> _YOUR GOAL_:
The lines from the one containing "Primary Arms GLx4" through the last one in the data: please copy those exactly, and only those, without the pictures.

> _DATA SEGMENT_:
⟨

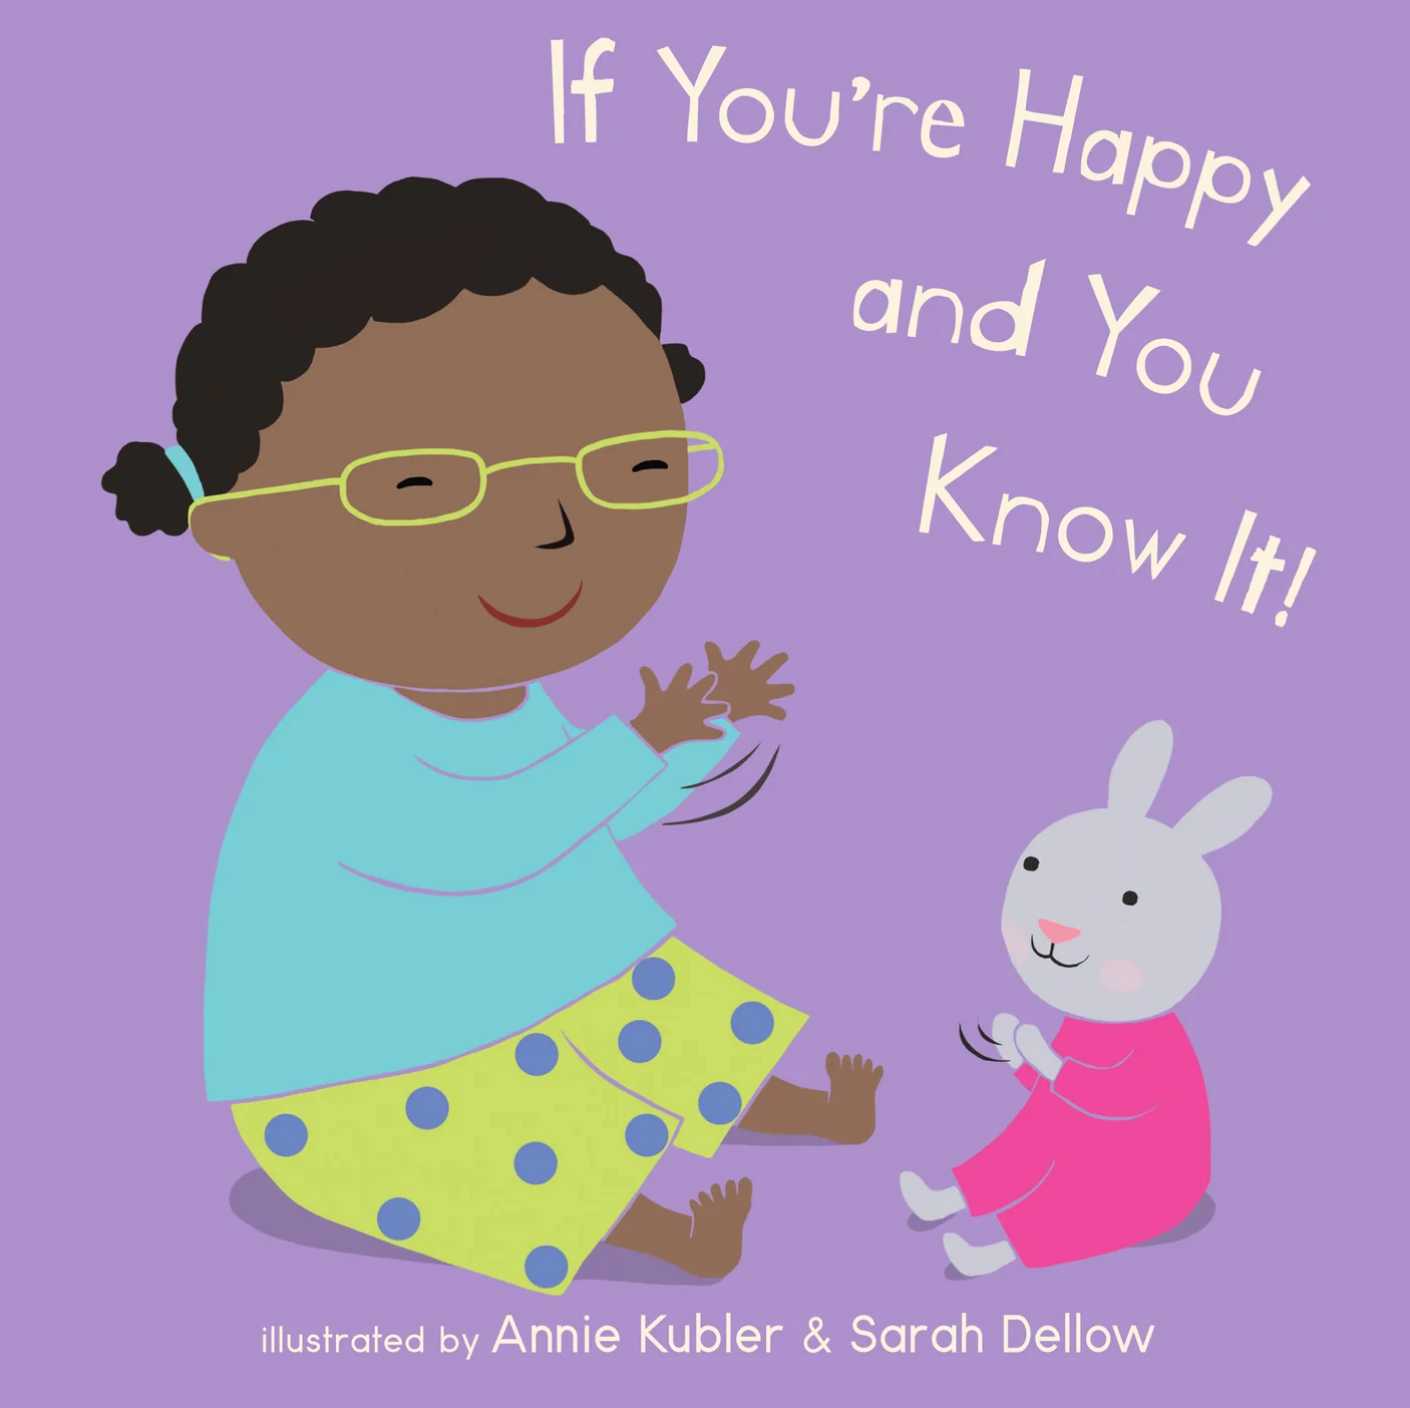 If You're Happy and You Know It! Book
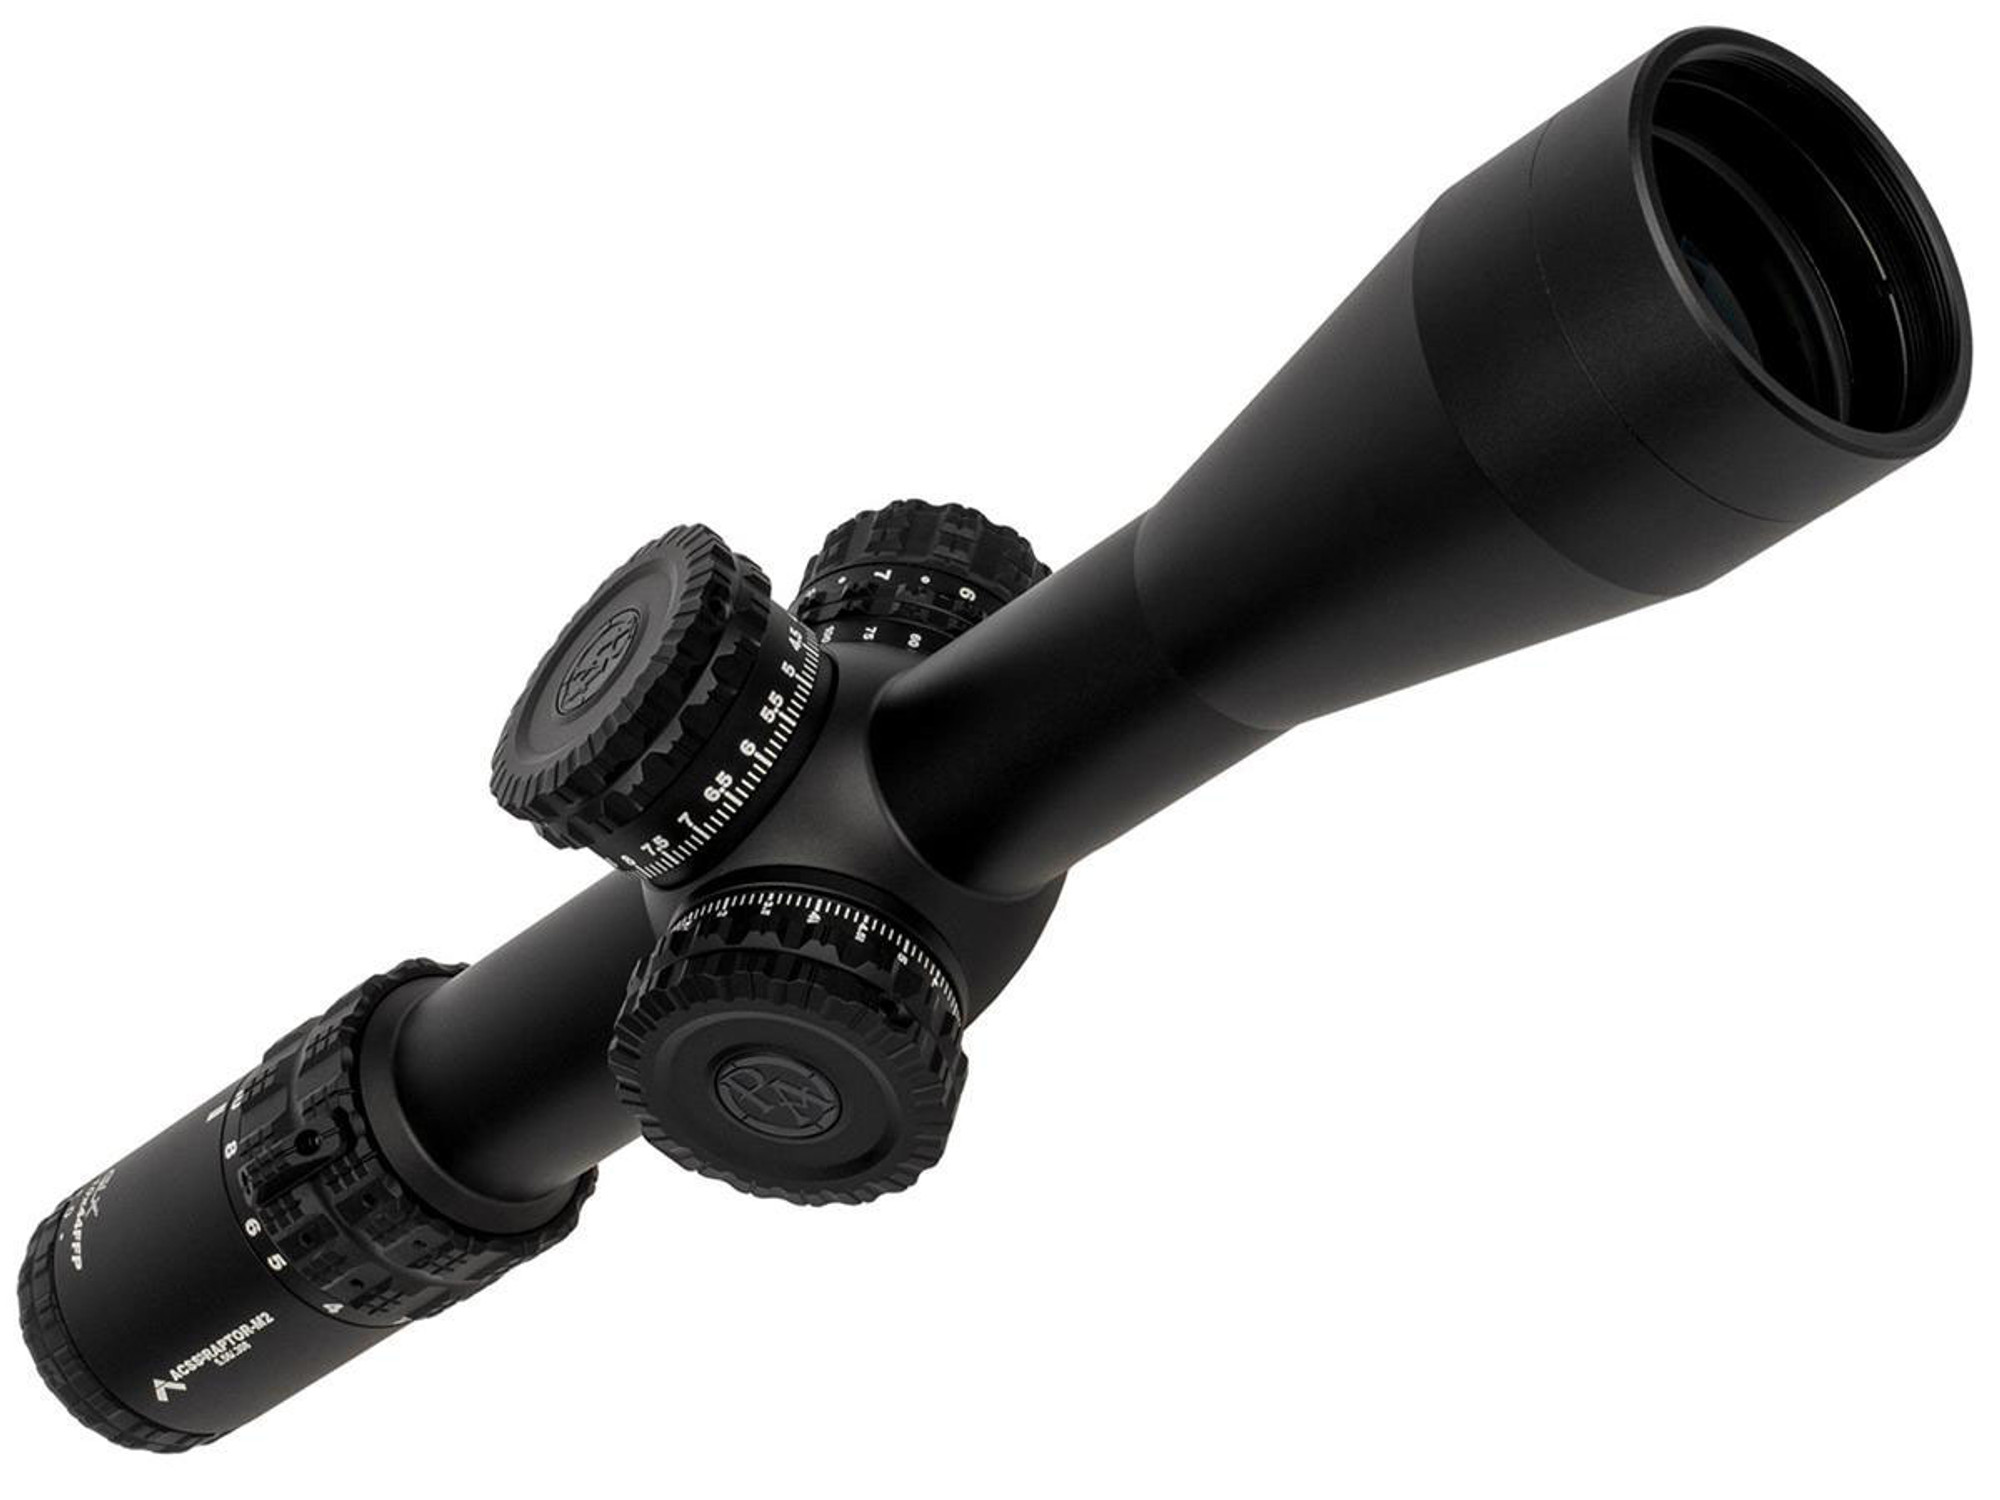 Primary Arms GLx4 Gold Series 2.5-10X44mm FFP Rifle Scope w/ Illuminated Reticle (Model: ACSS-RAPTOR-M2 5.56)
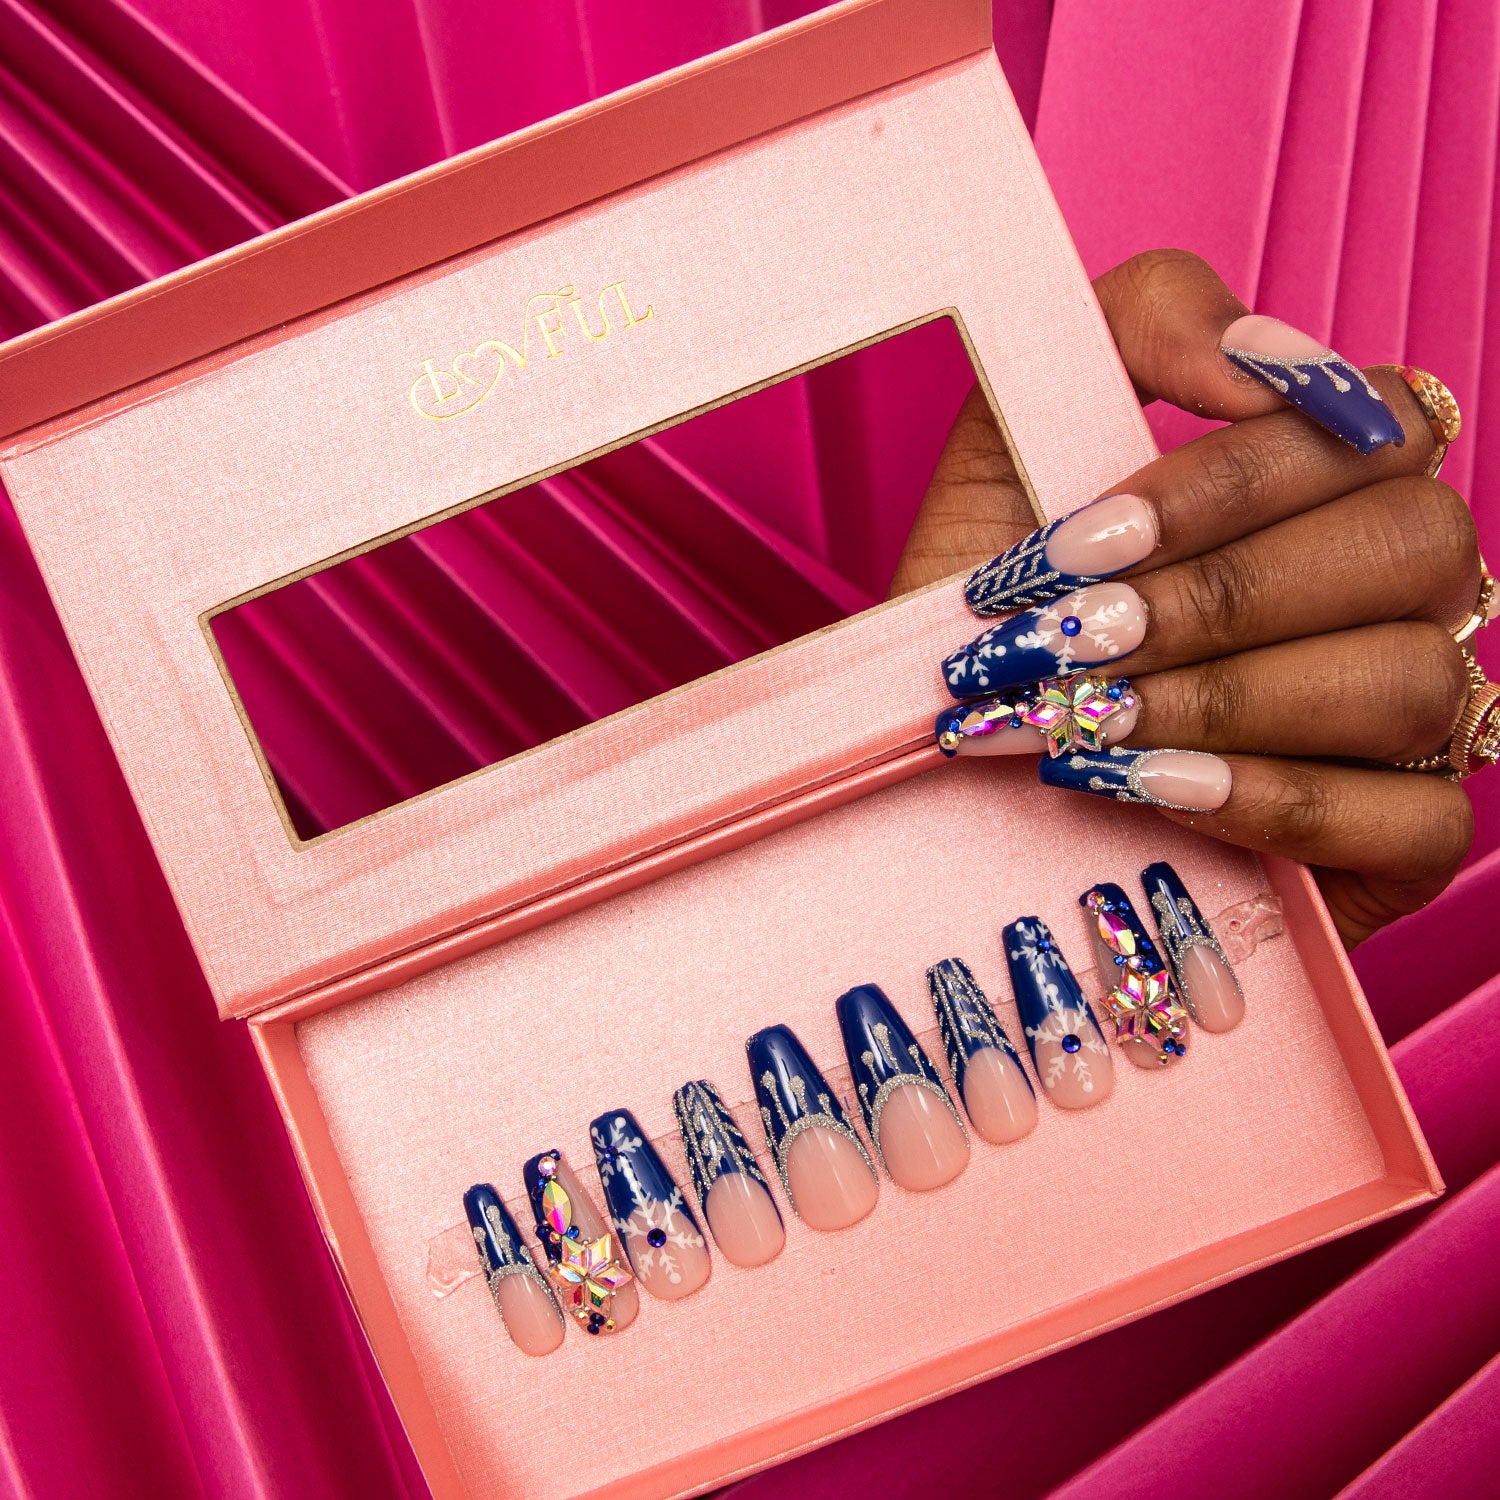 Snow Waltz Press-On Nails with blue jewelry-colored French tips and white snowflakes displayed in an elegant pink box. Hand showcasing the decorated nails alongside the box against a pink fabric background.

⟩

> _RESULT OF THIS EXERCISE_:
 Primary Arms GLx4 Gold Series 2.5-10X44mm FFP Rifle Scope w/ Illuminated Reticle (Model: ACSS-RAPTOR-M2 5.56)
 Snow Waltz Press-On Nails with blue jewelry-colored French tips and white snowflakes displayed in an elegant pink box. Hand showcasing the decorated nails alongside the box against a pink fabric background.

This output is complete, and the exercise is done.